## Brief
Reproduce, without alteration, every line of the data; exclude the images.

## Source material
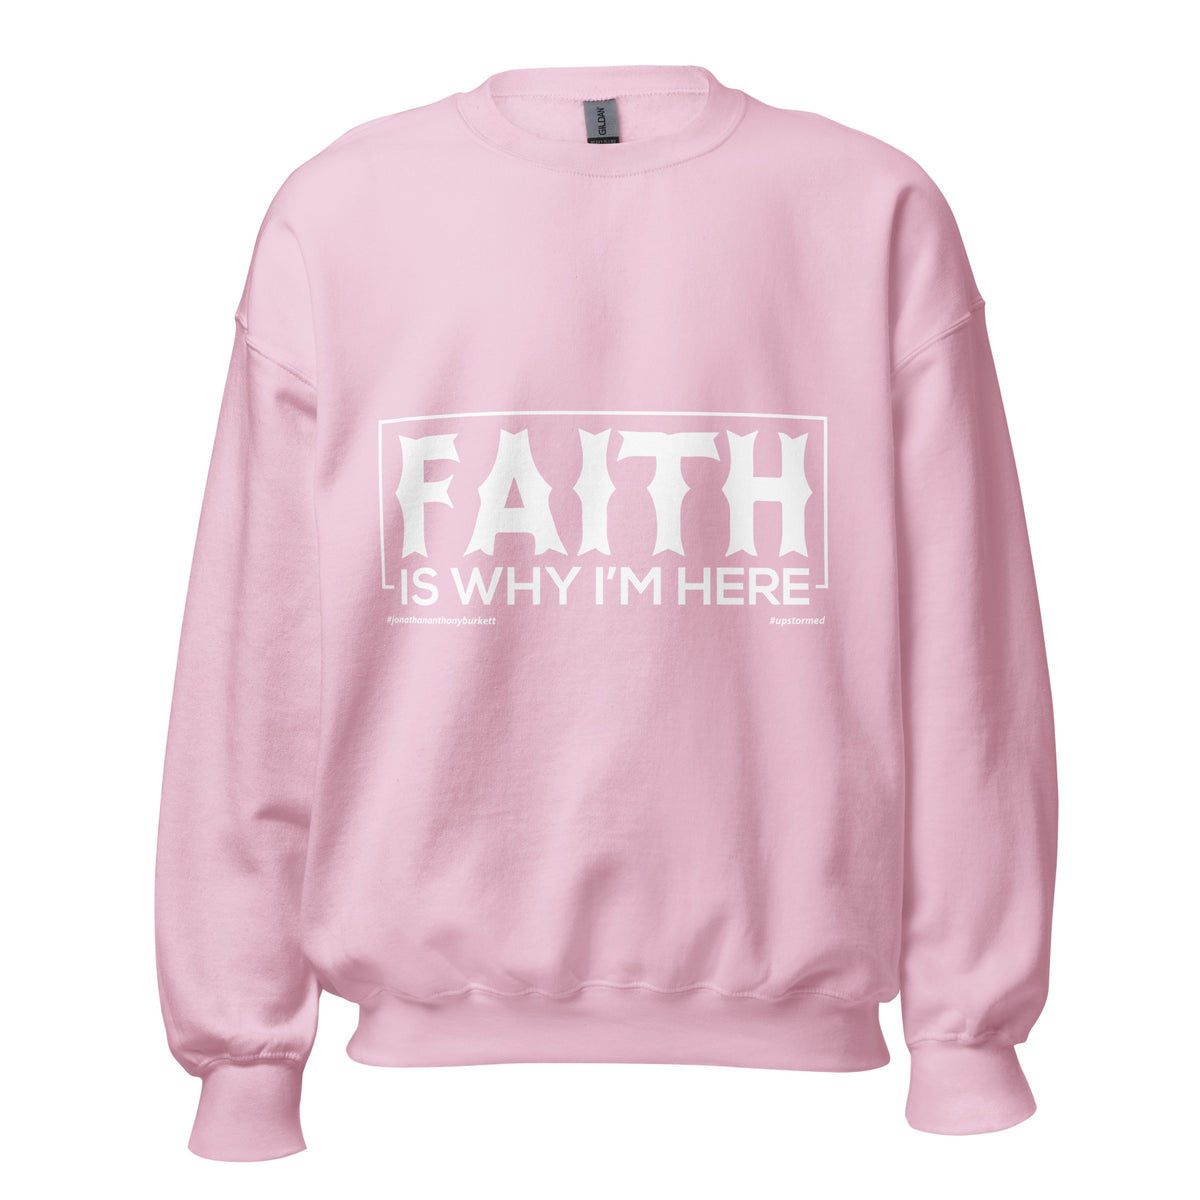 Faith Is Why I'm Here Upstormed Sweatshirt
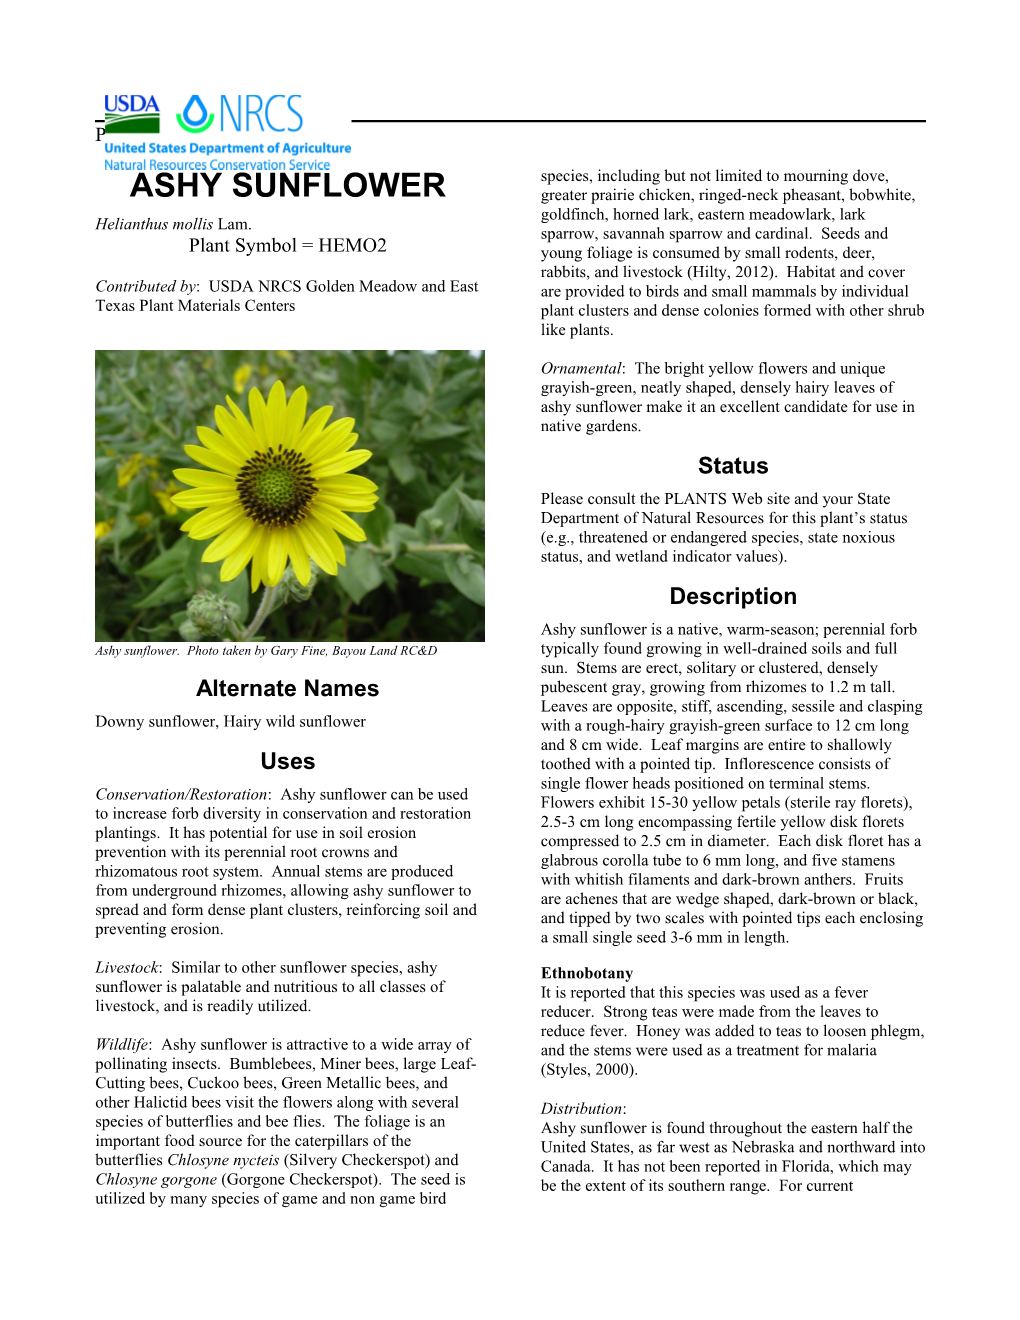 Ashy Sunflower, (Helianthus Mollis Lam.) Plant Guide
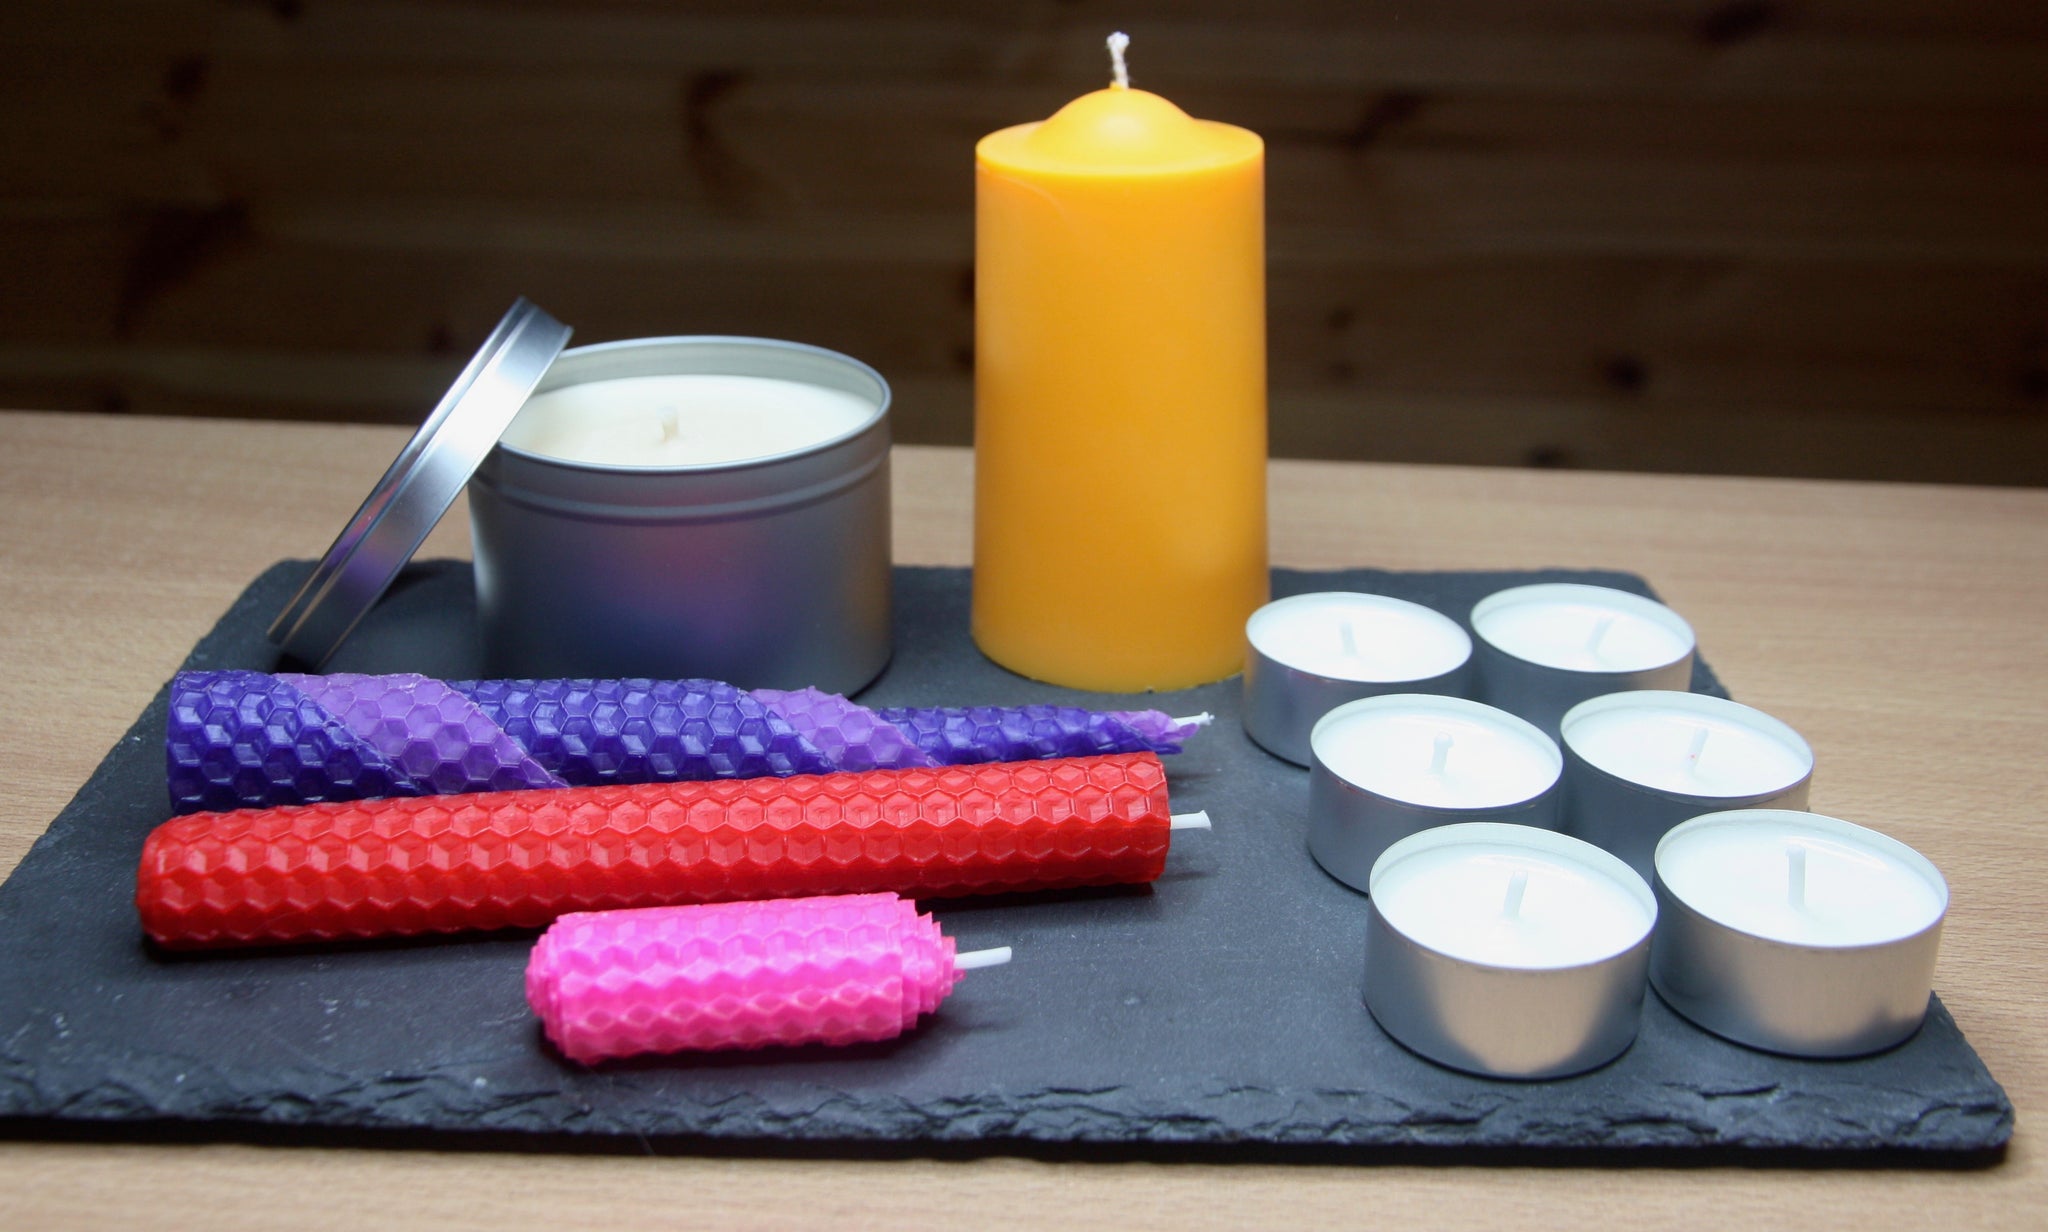 Beginners candle-making kit + online videos + LIVE online workshop
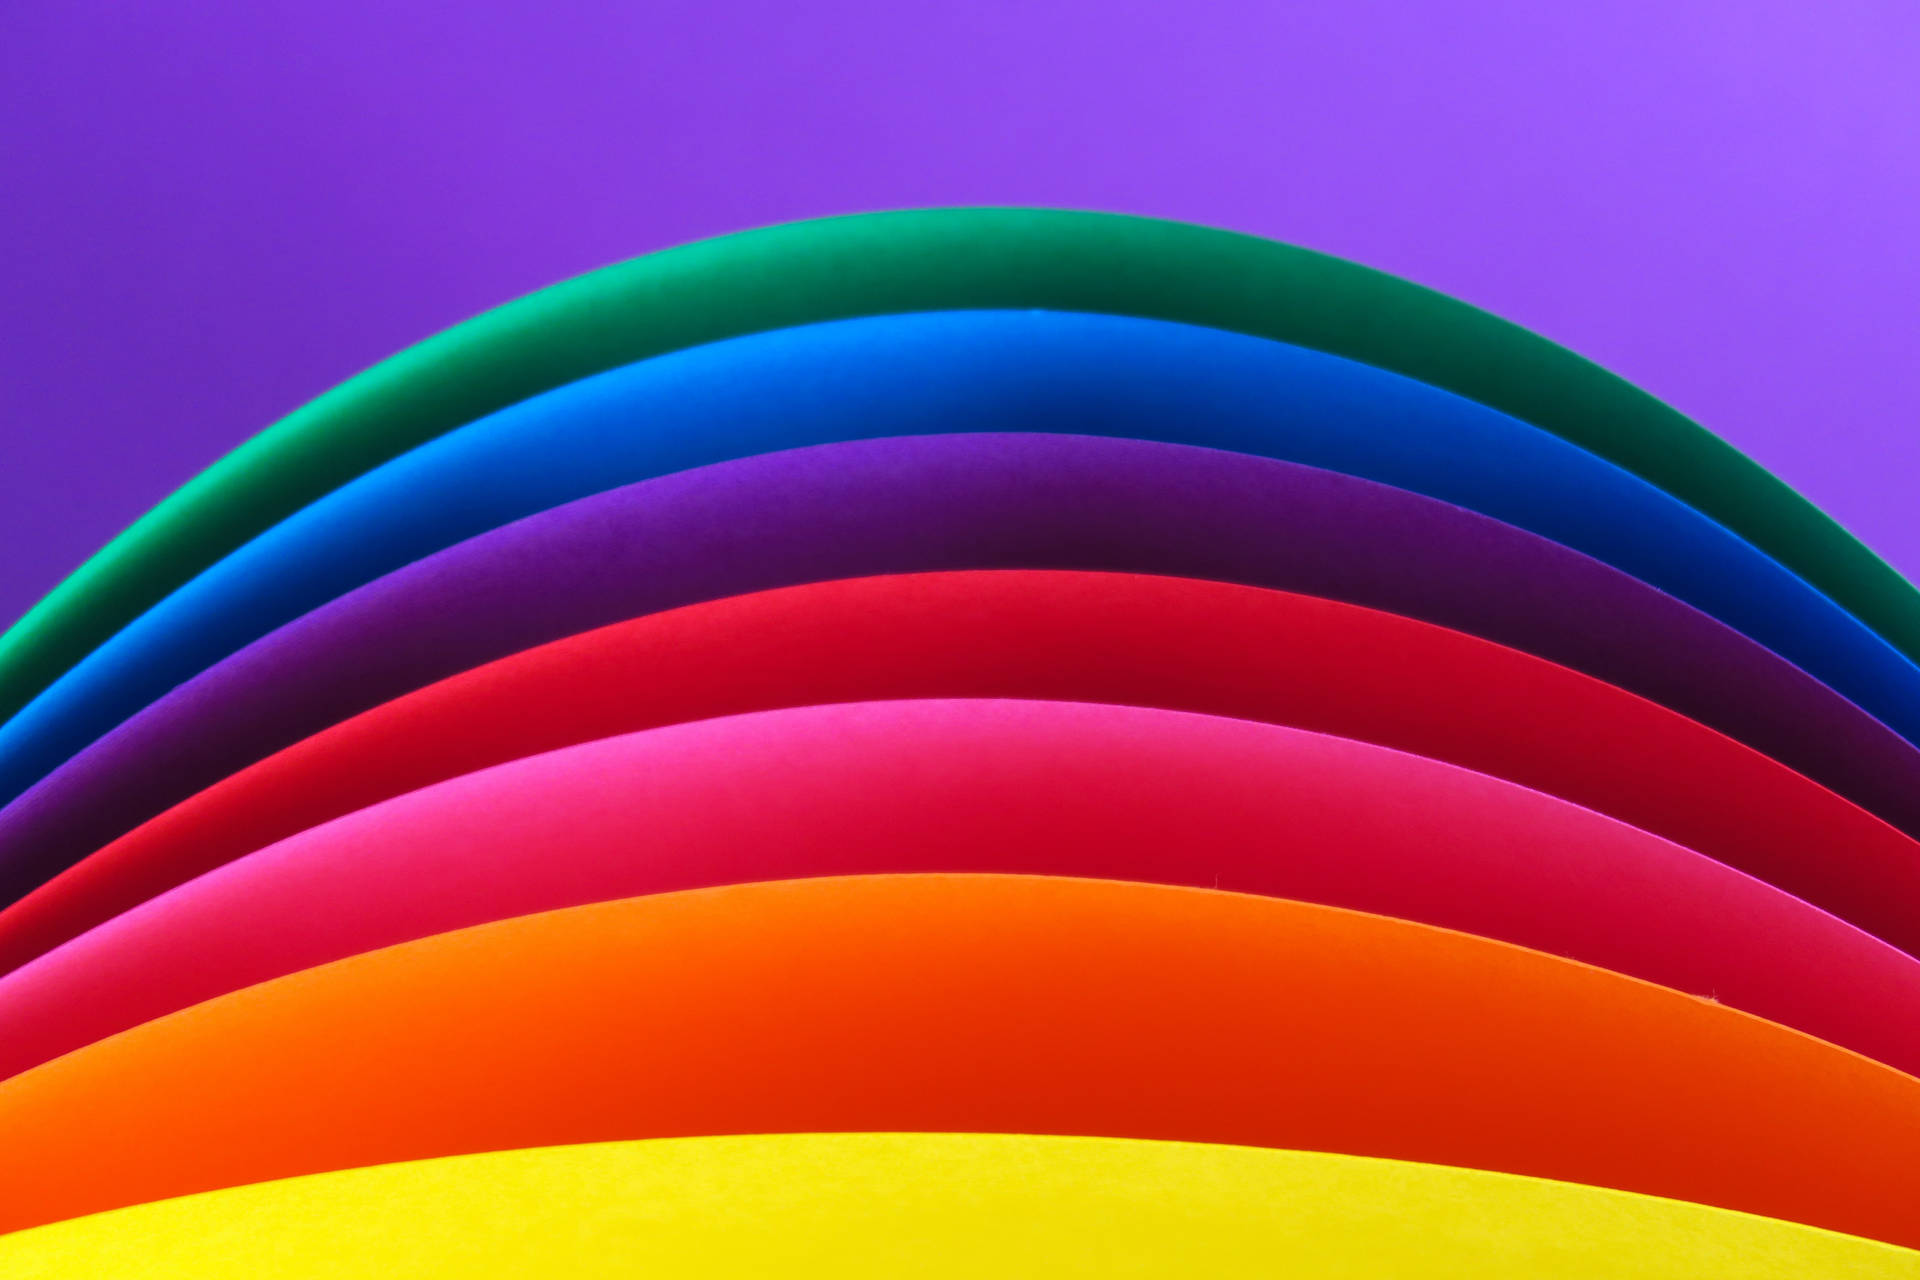 Free Rainbow Aesthetic Wallpaper Downloads, [400+] Rainbow Aesthetic  Wallpapers for FREE

## Solution below
 Faith Is Why I'm Here Upstormed Sweatshirt
 Ashy Sunflower, (Helianthus Mollis Lam.) Plant Guide
 Beginners candle-making kit + online videos + LIVE online workshop
 Free Rainbow Aesthetic Wallpaper Downloads, [400+] Rainbow Aesthetic  Wallpapers for FREE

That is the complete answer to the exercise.